-- Task details --
Set down the data below exactly; pictures stay out.

-- Stored data --
----

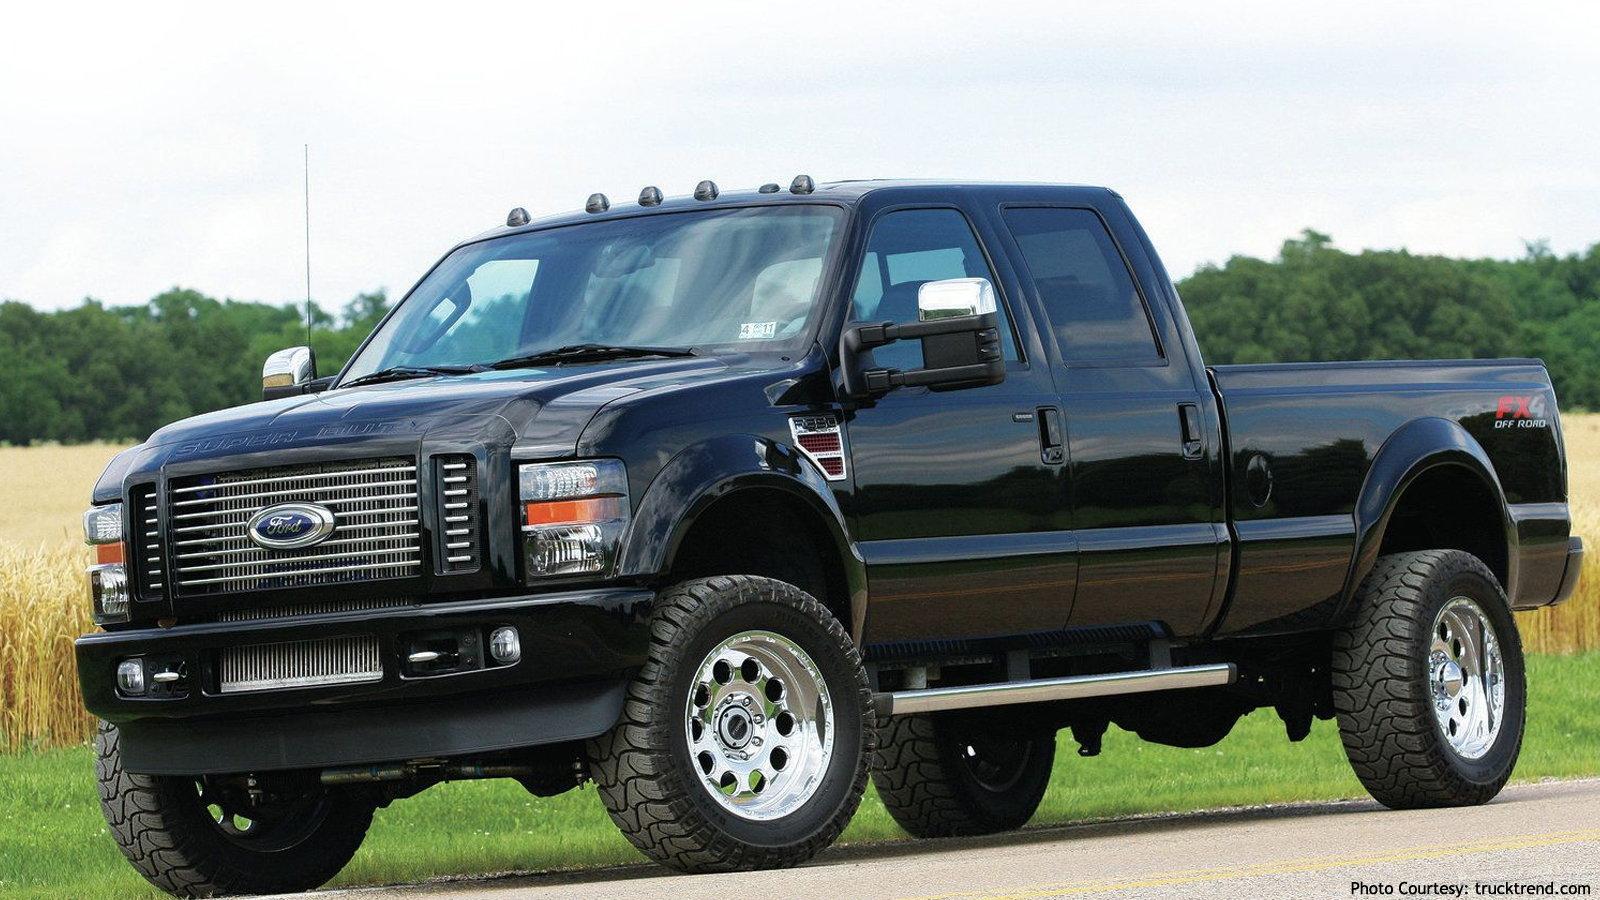 Ford F-350 PowerStroke Diesel
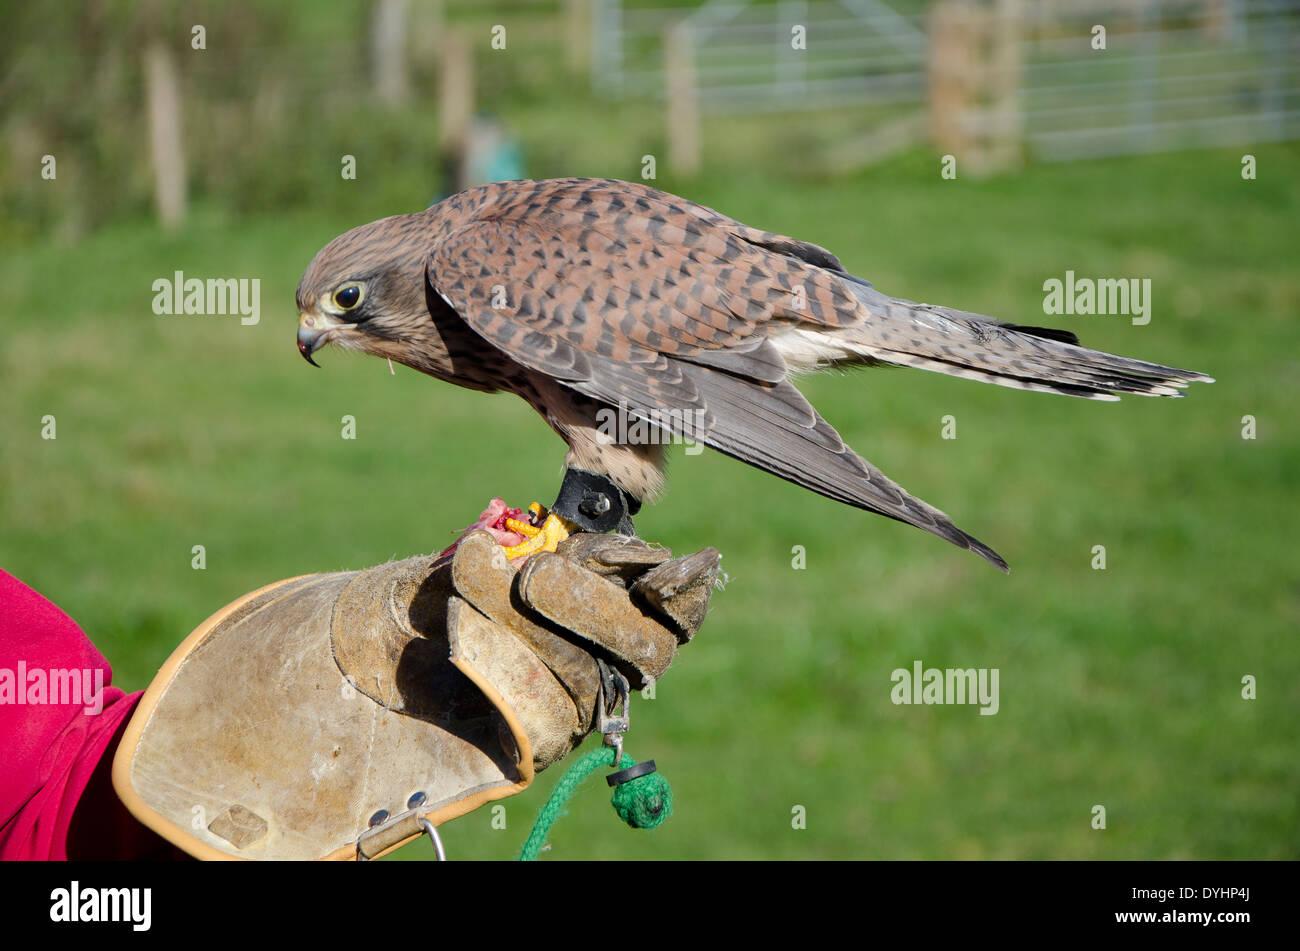 Turmfalken in einer Falknerei-Anzeige. Falco tinnunculus Stockbild
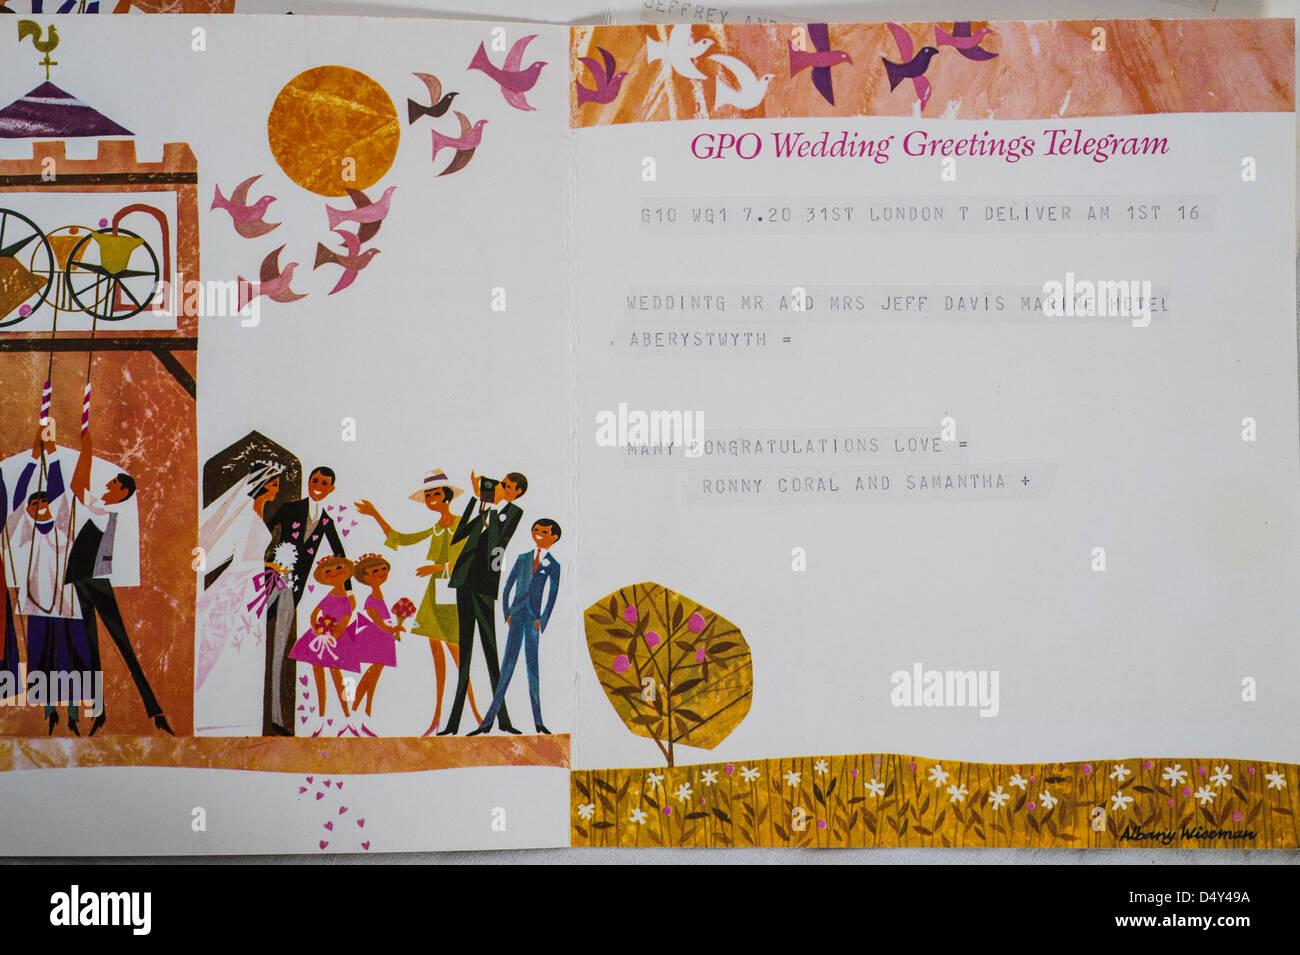 a 1950's GPO Wedding Greetings congratulations telegram UK - Stock Image
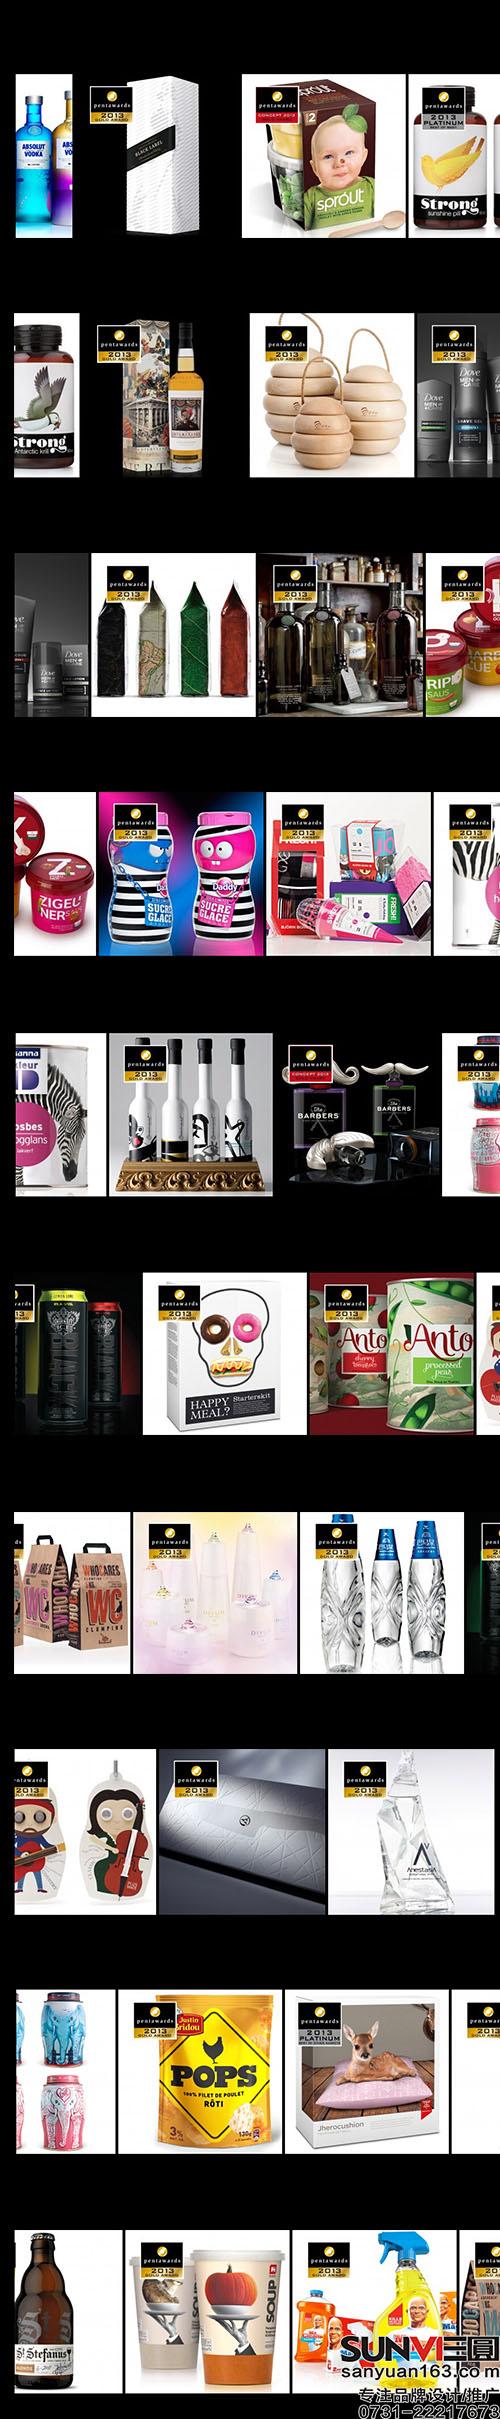 2013 pentawards国际包装设计大赛获奖作品赏析

----

-- Solution to this problem --
 Ford F-350 PowerStroke Diesel
 Turmfalken in einer Falknerei-Anzeige. Falco tinnunculus Stockbild
 a 1950's GPO Wedding Greetings congratulations telegram UK - Stock Image
 2013 pentawards国际包装设计大赛获奖作品赏析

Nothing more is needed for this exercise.